Published: 05-11-2011

Experimental setup for studying the collisions of ultracold Rb atoms with cold ND3 molecules. The atoms are cooled and trapped at the intersection of the (red) laser beams. A beam of cold ND3 molecules is created by the pulsed valve at the lower right, then slowed and trapped by metallic rings and rods. Collisions occur when the atom trap is moved to overlay the molecule trap.  Credit: Brad Baxley, JILA

Ultracold atom-cold molecule collisions. (top panel) According to theory, in the absence of an electric field, ND3 molecules will be mostly unaffected by collisions. (bottom panel) Experimentally, electric fields increase the likelihood that collisions will cause an ND3 molecule to flip inside out and change its quantum state. Credit: Brad Baxley, JILA

The Lewandowski group recently decided to see what would happen if it could get cold molecules (1K–1mK) and ultracold (<1mK) atoms to collide. Former graduate student L. Paul Parazzoli, graduate student Noah Fitch, and Fellow Heather Lewandowski devised a novel experiment to determine the collision behavior of cold (100 mK) deuterated ammonia (ND3) molecules and ultracold (600 microK) rubidium (Rb) atoms. The researchers hoped their experiment would help elucidate the role of quantum mechanics in molecular collisions.

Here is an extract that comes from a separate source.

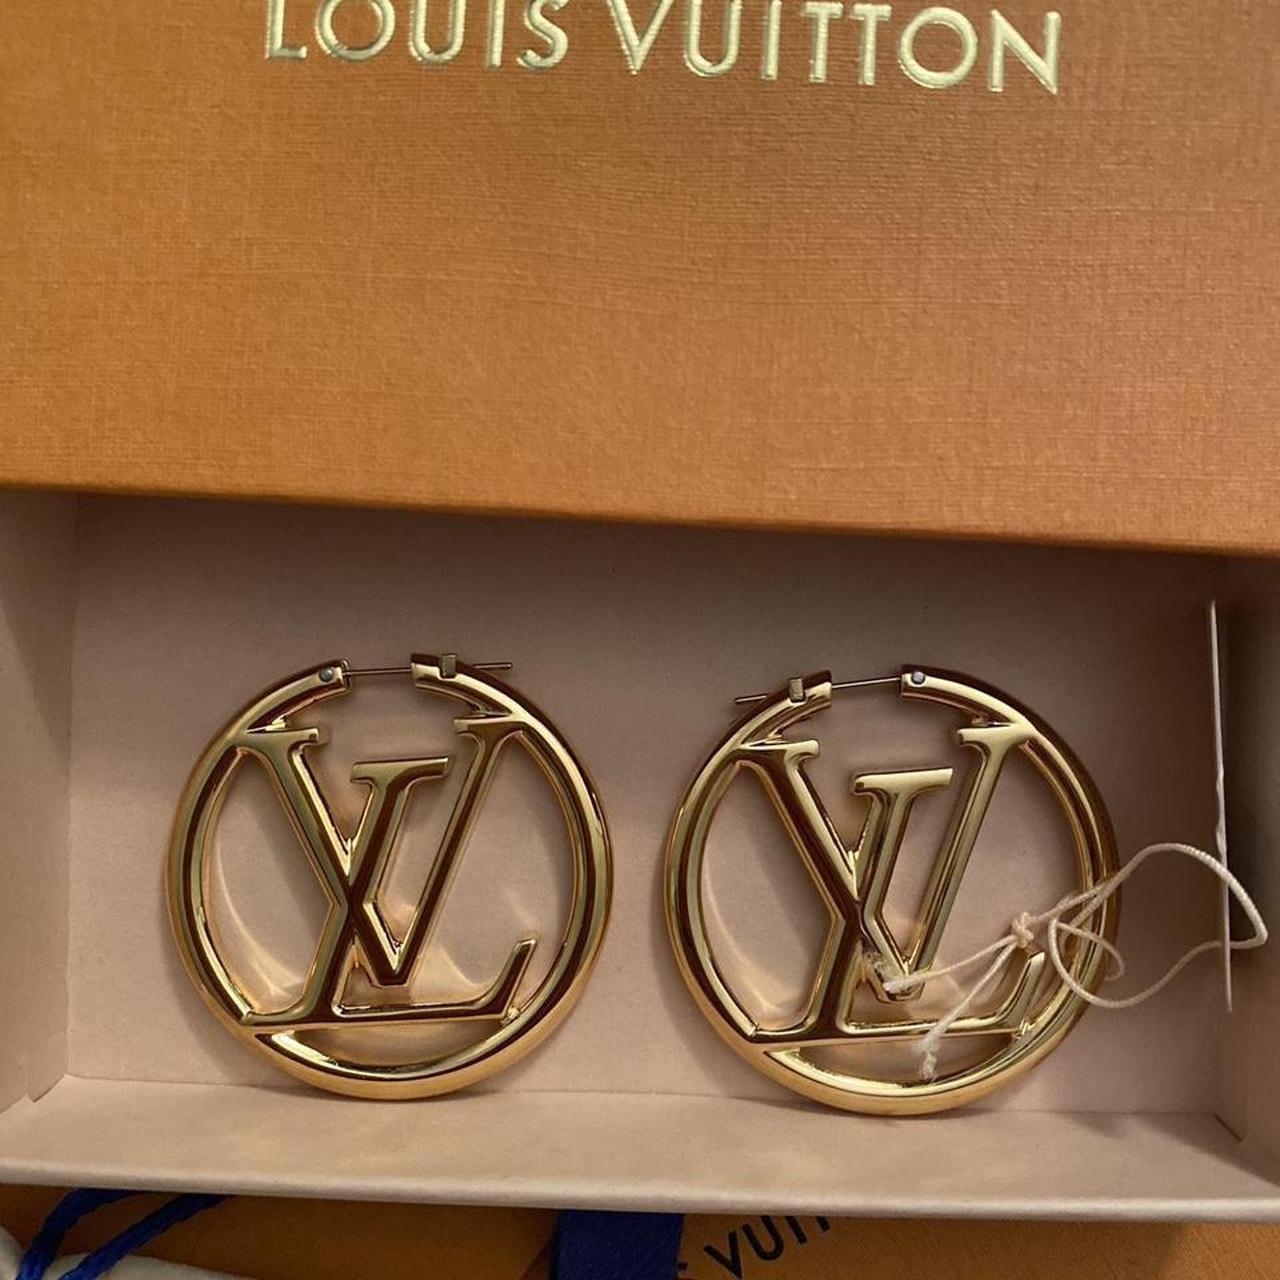 Louis Vuitton Blue Lace Ribbon #louisvuitton #bow - Depop
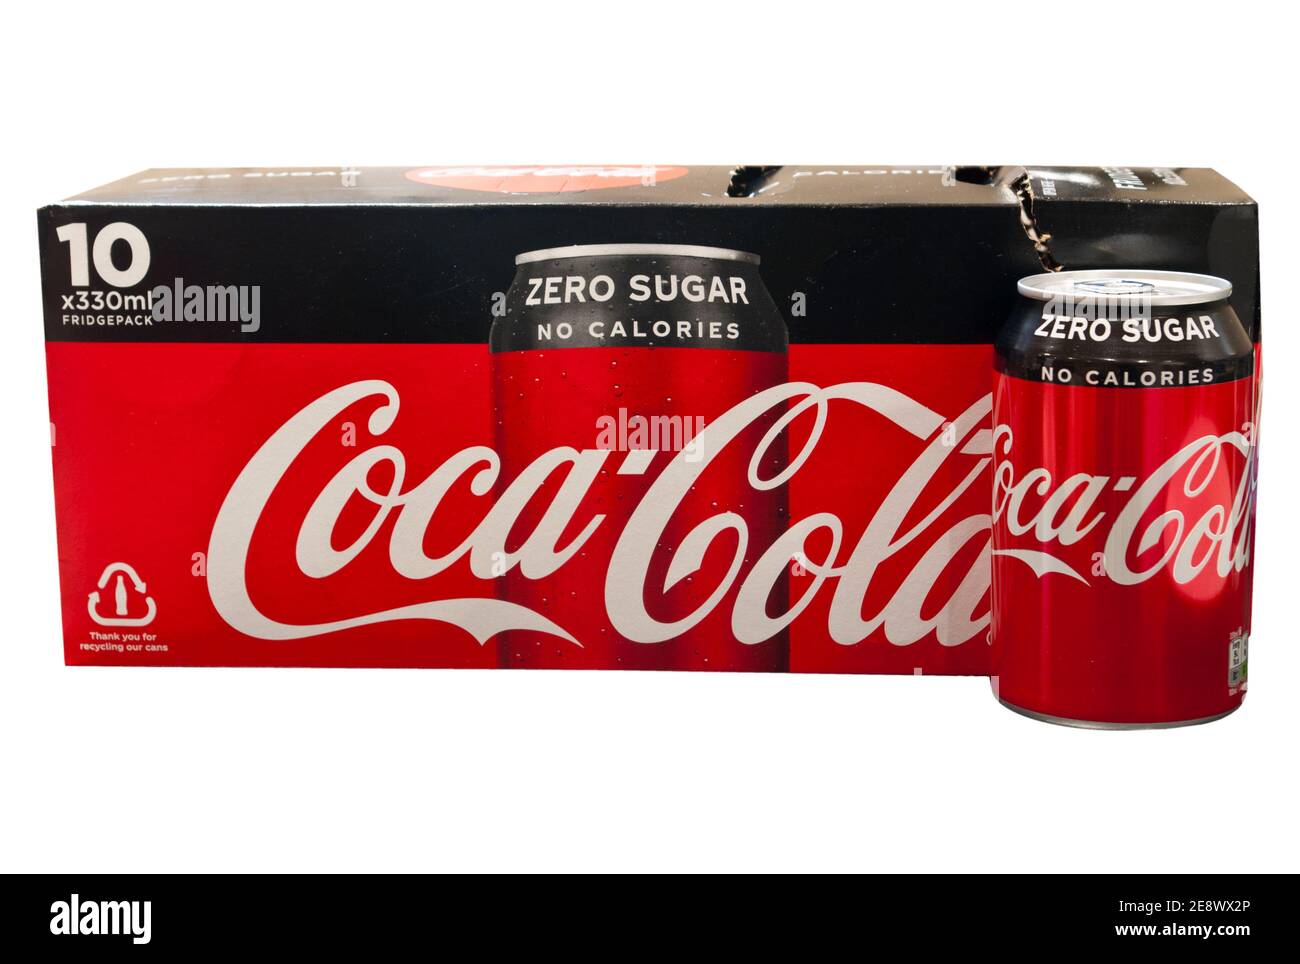 Box and Can Of Zero Sugar No Calories Coca Cola Stock Photo

Their novel experimental setup is shown in the top picture (Figure 1). The researchers cool and trap Rb atoms at the intersection of the (red) laser-cooling beams. Then a pulsed valve (lower right) creates a beam of cold ND3 molecules. The metallic rods and rings create electric fields that slow and trap the molecular beam. To combine the cold molecules and ultracold atoms, the researchers physically move the coils forming the atom trap across the table until the atom trap overlays the molecule trap.

With the traps superimposed, atom-molecule collisions are likely to occur, according to theory. These collisions will have very little effect on an ND3 molecule. An ND3 molecule will usually remain in the same quantum state after a collision as it was in before anything happened.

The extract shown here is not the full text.